Transcribe the listing below word for word but skip its images.

** Source data follows **

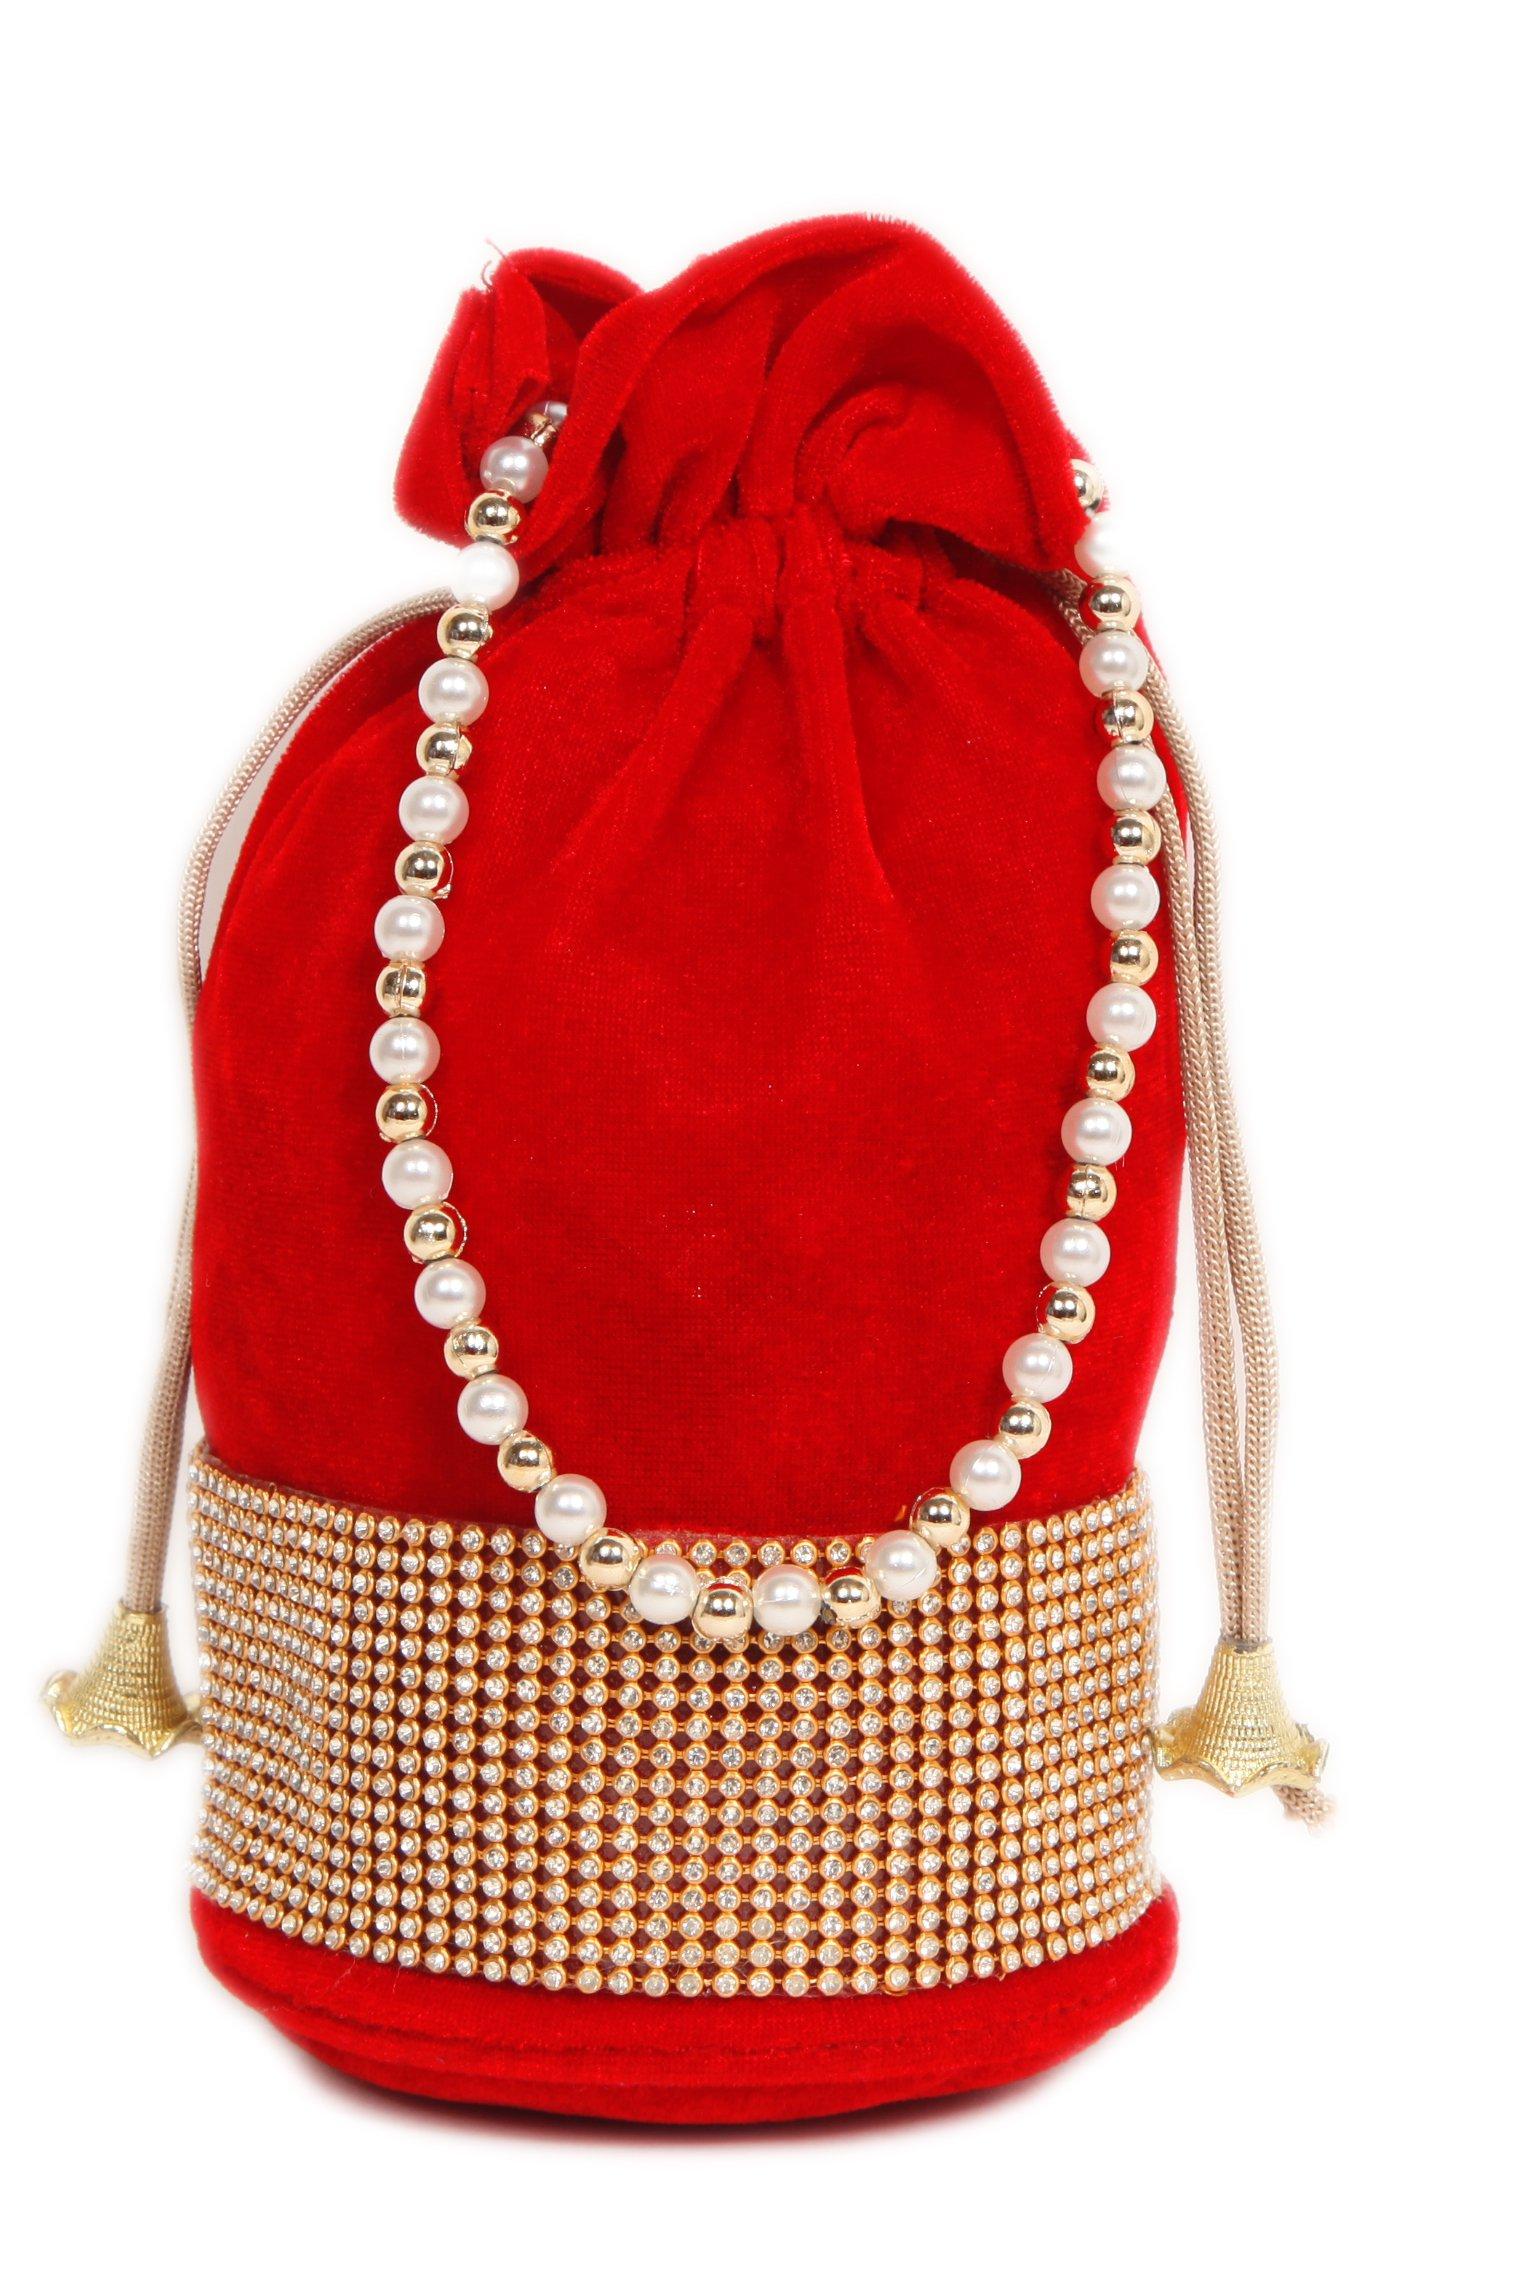 Indian Ethnic Handbag Stylish Red Velvet Potli Bag With Designer Pearls
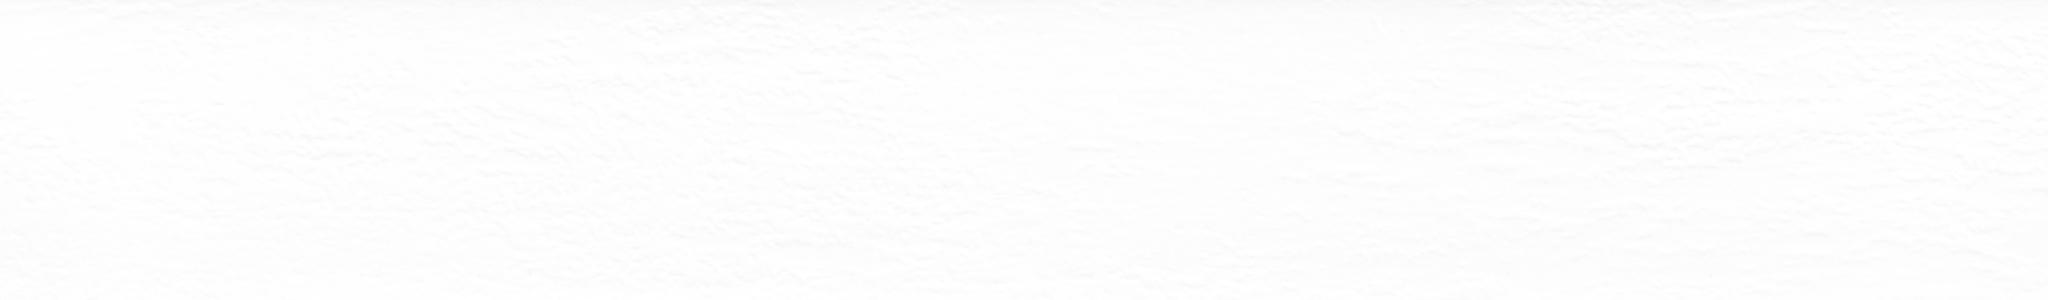 HU 104401 ABS hrana bílá omítka perla XI
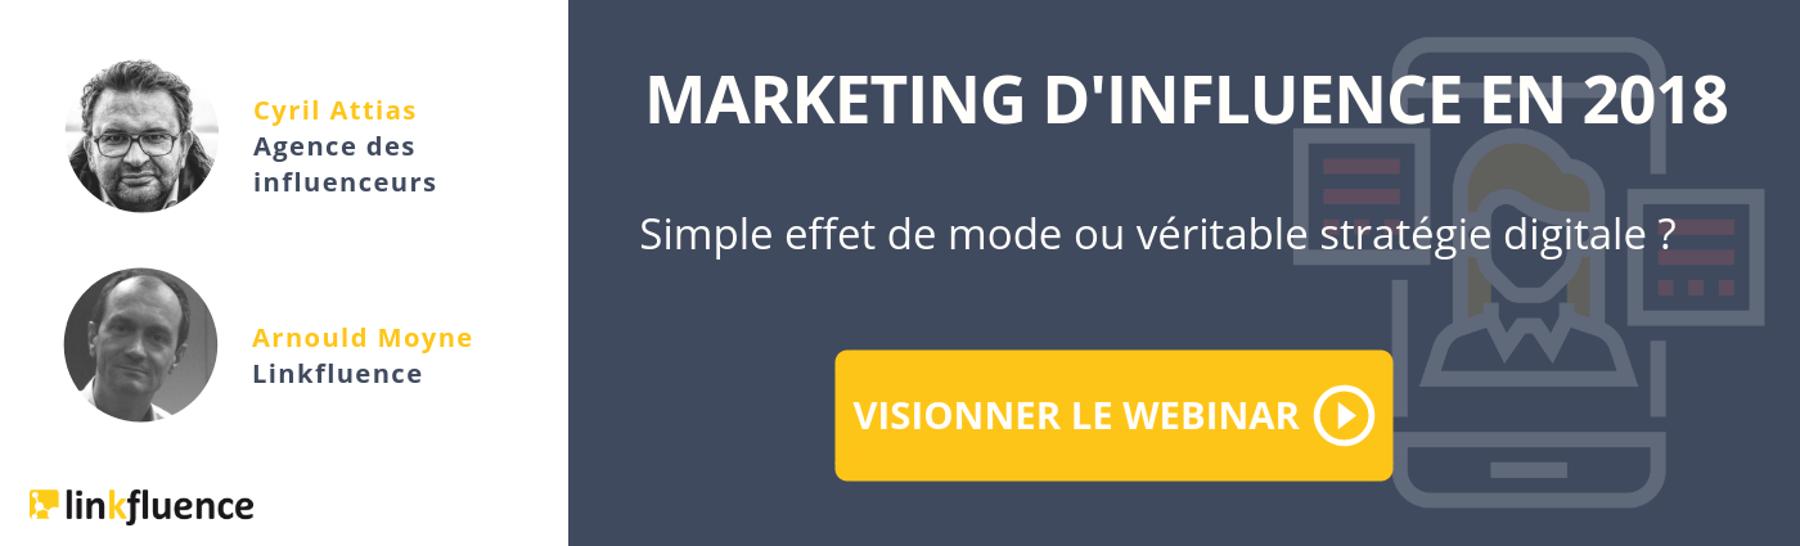 Webinar : marketing d'influence en 2018
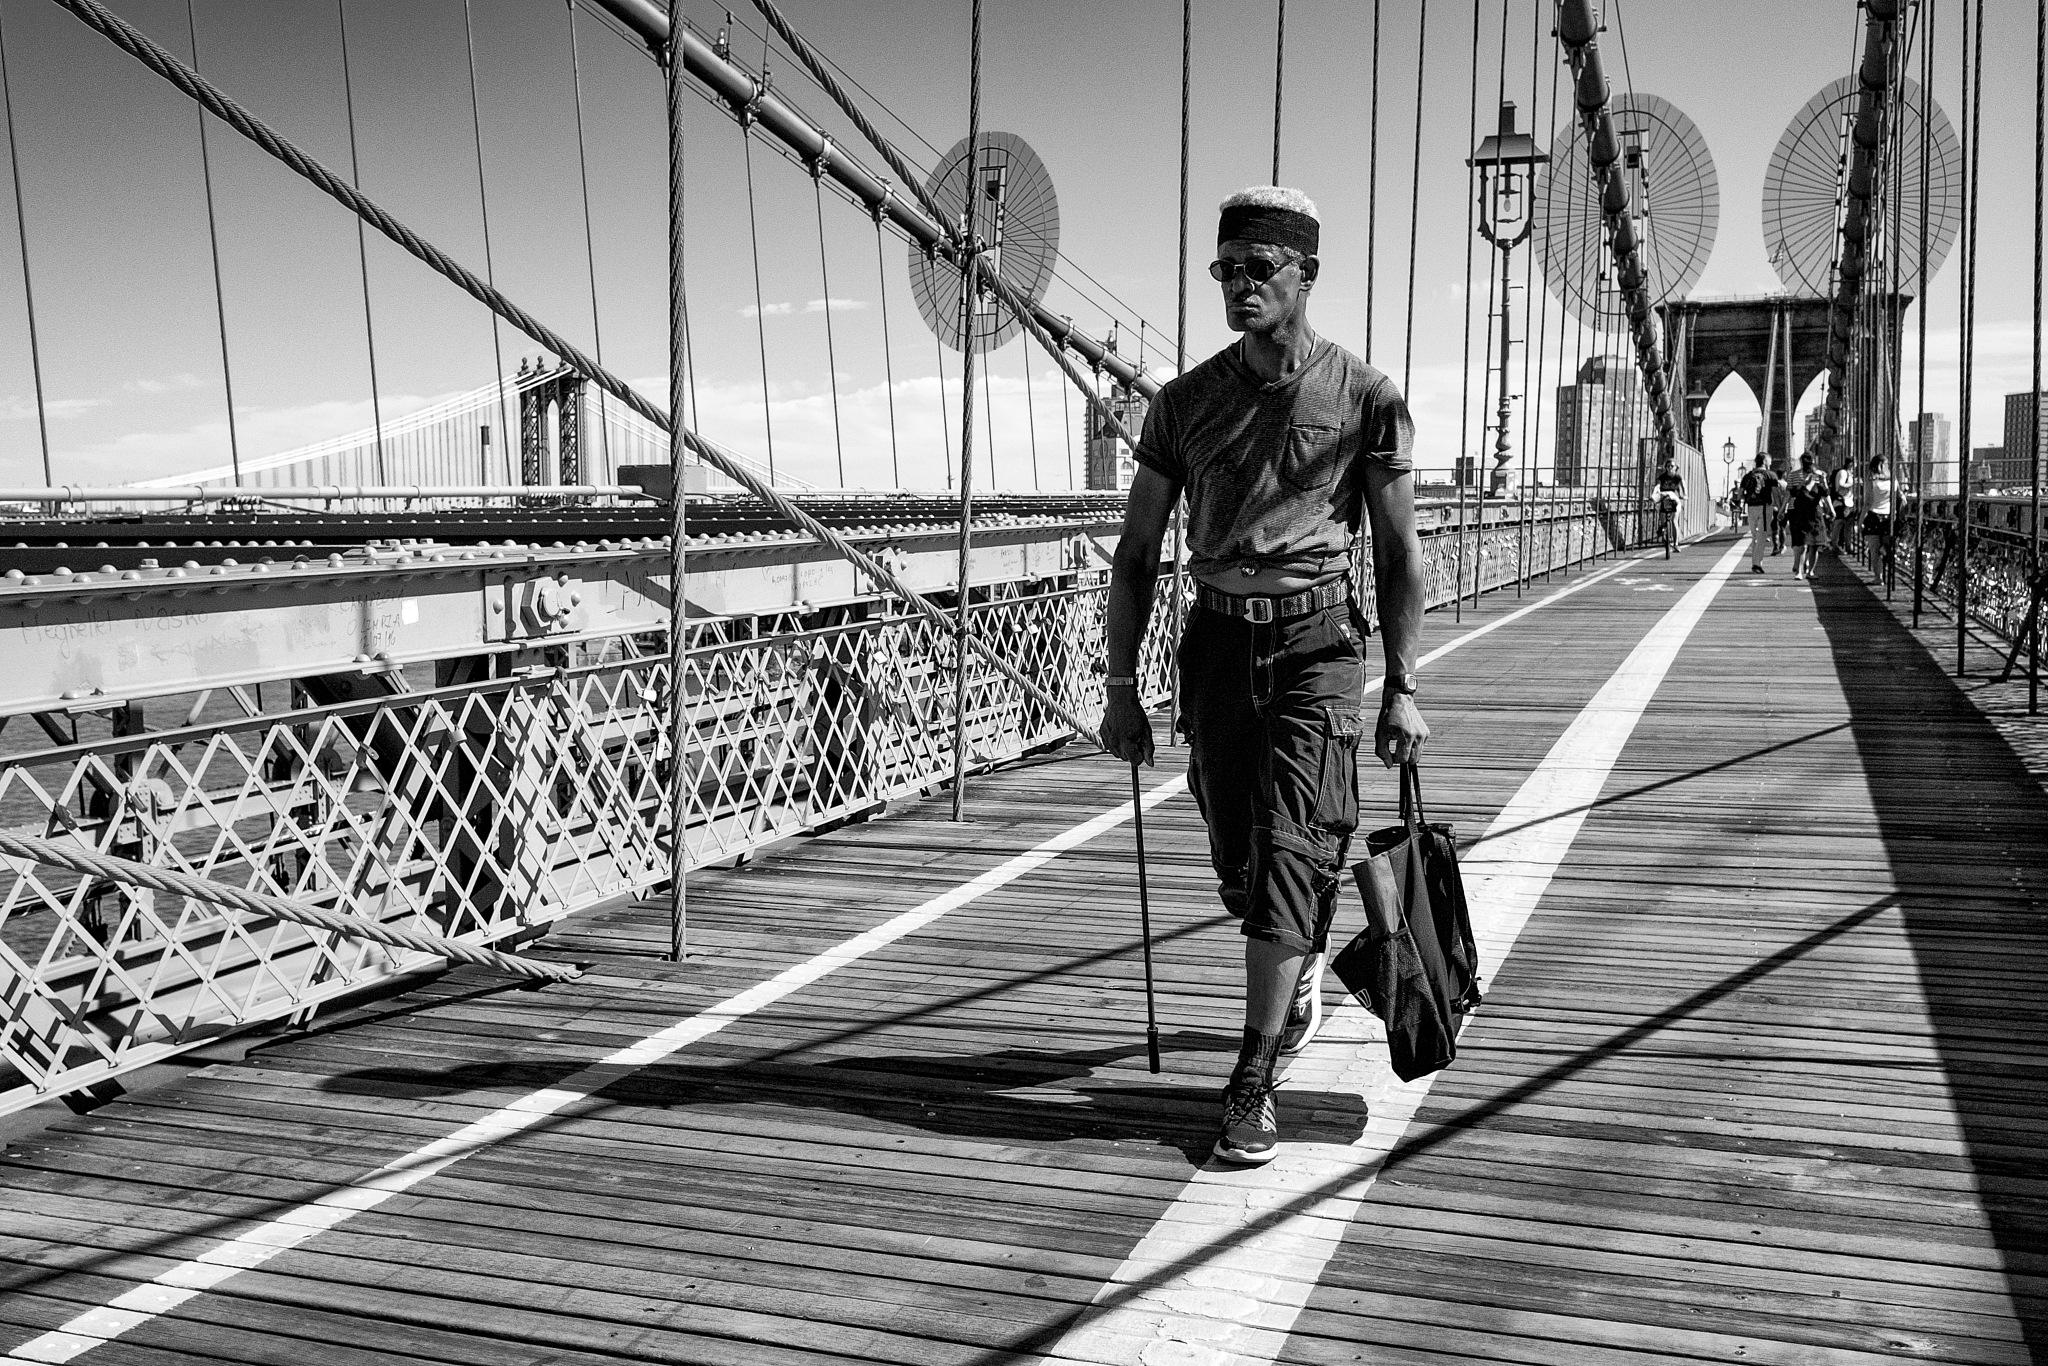 Walk the Line by Jason Devaun

** End of Source data **

Task answer =>
 Indian Ethnic Handbag Stylish Red Velvet Potli Bag With Designer Pearls
 HU 104401 ABS hrana bílá omítka perla XI
 Webinar : marketing d'influence en 2018
 Walk the Line by Jason Devaun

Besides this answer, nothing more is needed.